Under that standard, the majority went on, the Ohio law is clearly constitutional. The Oho law prohibits a doctor from performing an abortion if the woman has stated or shared records indicating that her reason related to Down Syndrome, the majority stated, but has no effect on doctors who do not have such knowledge. A woman can avoid any “undue burden,” the majority continued, by simply not telling a doctor “her reason for the abortion.” On the other hand, the majority maintained, the state has claimed “substantial” interests in “protecting the Downs syndrome community” from the “stigma” it allegedly suffers from such abortions,  “protecting the integrity and ethics of the medical profession” and preventing “coercion by doctors” who improperly “advocate the abortion of all” fetuses with Down Syndrome.

Several judges in the majority tried to go even further in concurring opinions. Most notably, Trump judge Bush suggested that in his view, the “result would be the same” and the law would be valid even if it banned all abortions motivated in part by Downs syndrome concerns, regardless of doctors’ knowledge, based on the “original meaning” of the Constitution and Supreme Court precedent.

Seven judges strongly dissented, including two (Julia Smith Gibbons and Helene White) nominated by President George W Bush. All joined a dissent by Judge Bernice Donald, who carefully explained that Casey had actually “reaffirmed” the right to choose abortion before viability, which was violated by Ohio’s “unconstitutional ban.” Even under the “substantial burden” test, Donald went on, the record showed that the Ohio law was likely to impose such a burden by causing a woman to “conceal her medical records or history” and “forego” important education and counseling if she believes “her fetus has Downs syndrome,” and by “forcibly reaching into” the confidential doctor-patient relationship and requiring women to “be silent” or “lie.”

As to the state’s claimed interests, Donald continued, the record suggested little evidence to support them.

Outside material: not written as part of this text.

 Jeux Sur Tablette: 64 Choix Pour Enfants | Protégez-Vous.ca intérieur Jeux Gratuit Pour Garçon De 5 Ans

On the contrary, she went on, the record indicated that Ohio was “politicizing” and not benefiting the Downs syndrome community, particularly in light of the remarkable suggestion in the state’s reply brief that it would provide resources and support “only if there are enough” people with Downs syndrome to “merit addressing the ‘problem.’” Nor was there evidence of doctors seeking to coerce abortion in cases of Downs syndrome or medical ethics problems, issues that Donald explained would be better addressed through education and enforcement of the state’s “preexisting ethical obligations” on physicians. In short, Donald concluded, the majority “renounces” the rule of law and shows clear “hostility to the right Roe and Casey secured.”

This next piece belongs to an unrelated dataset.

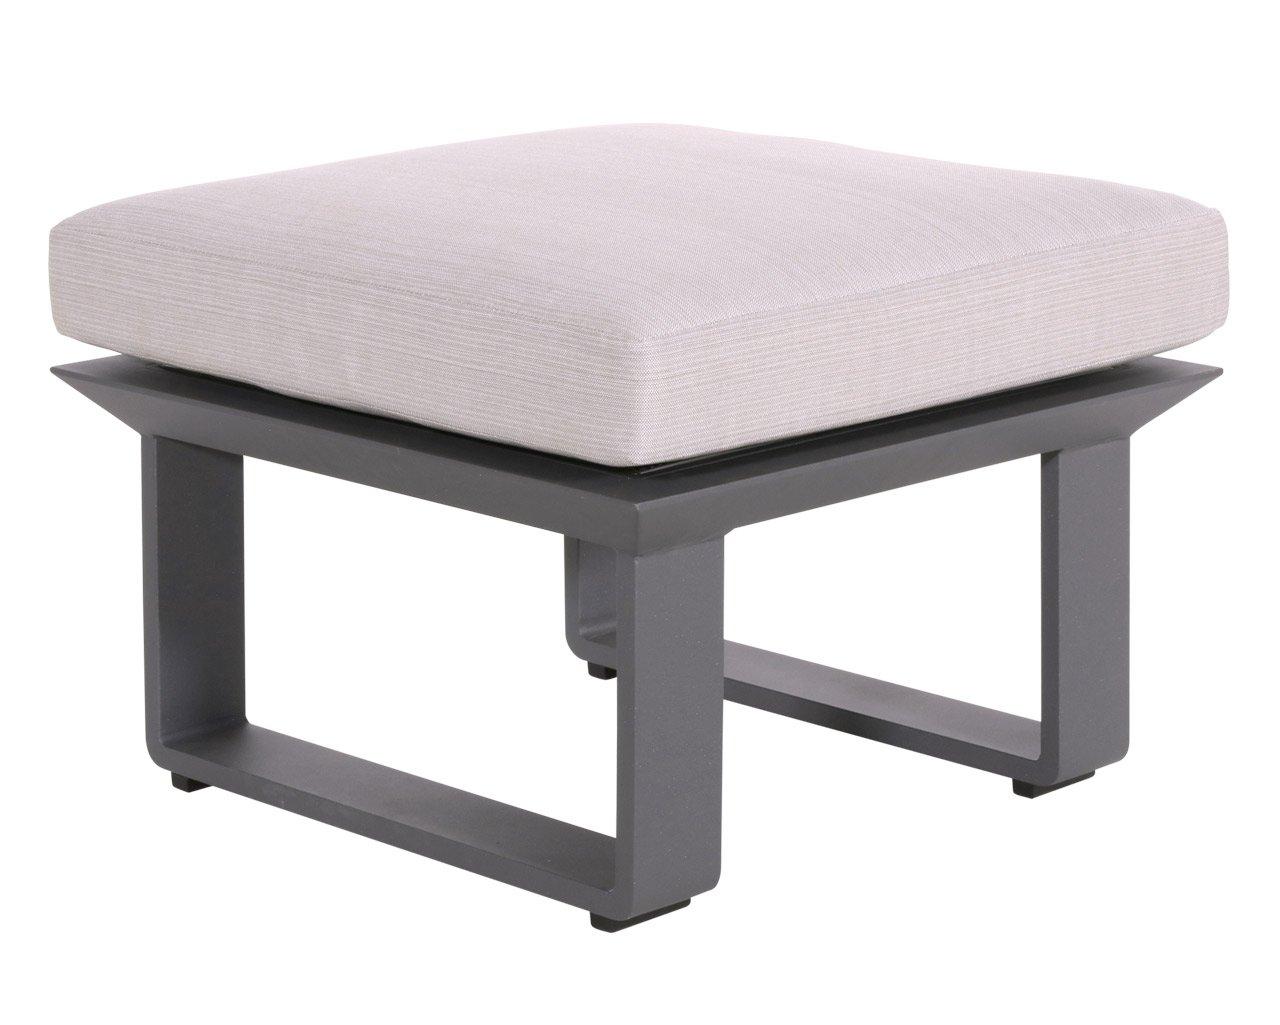 lifestyle4living Hocker aus Aluminium in anthrazit mit Sitzkissen für Terrasse oder Garten. Variabel einsetzbar als Fußbank, Beistellhocker durch Auflagekissen.

As Judge Karen Nelson Moore noted, the majority’s opinion “betrays the elephant in the courtroom:” many current appellate court judges “do not believe that the right to abortion should exist.” That is clearly true with respect to Judges Bush, Thapar, Larsen, Nalbandian, Readler, and many other Trump judges around the country. And it underlines the importance of our fight to promptly confirm as many fair-minded Biden nominees with a demonstrated commitment to equality and justice for all as possible to vacancies on our federal courts.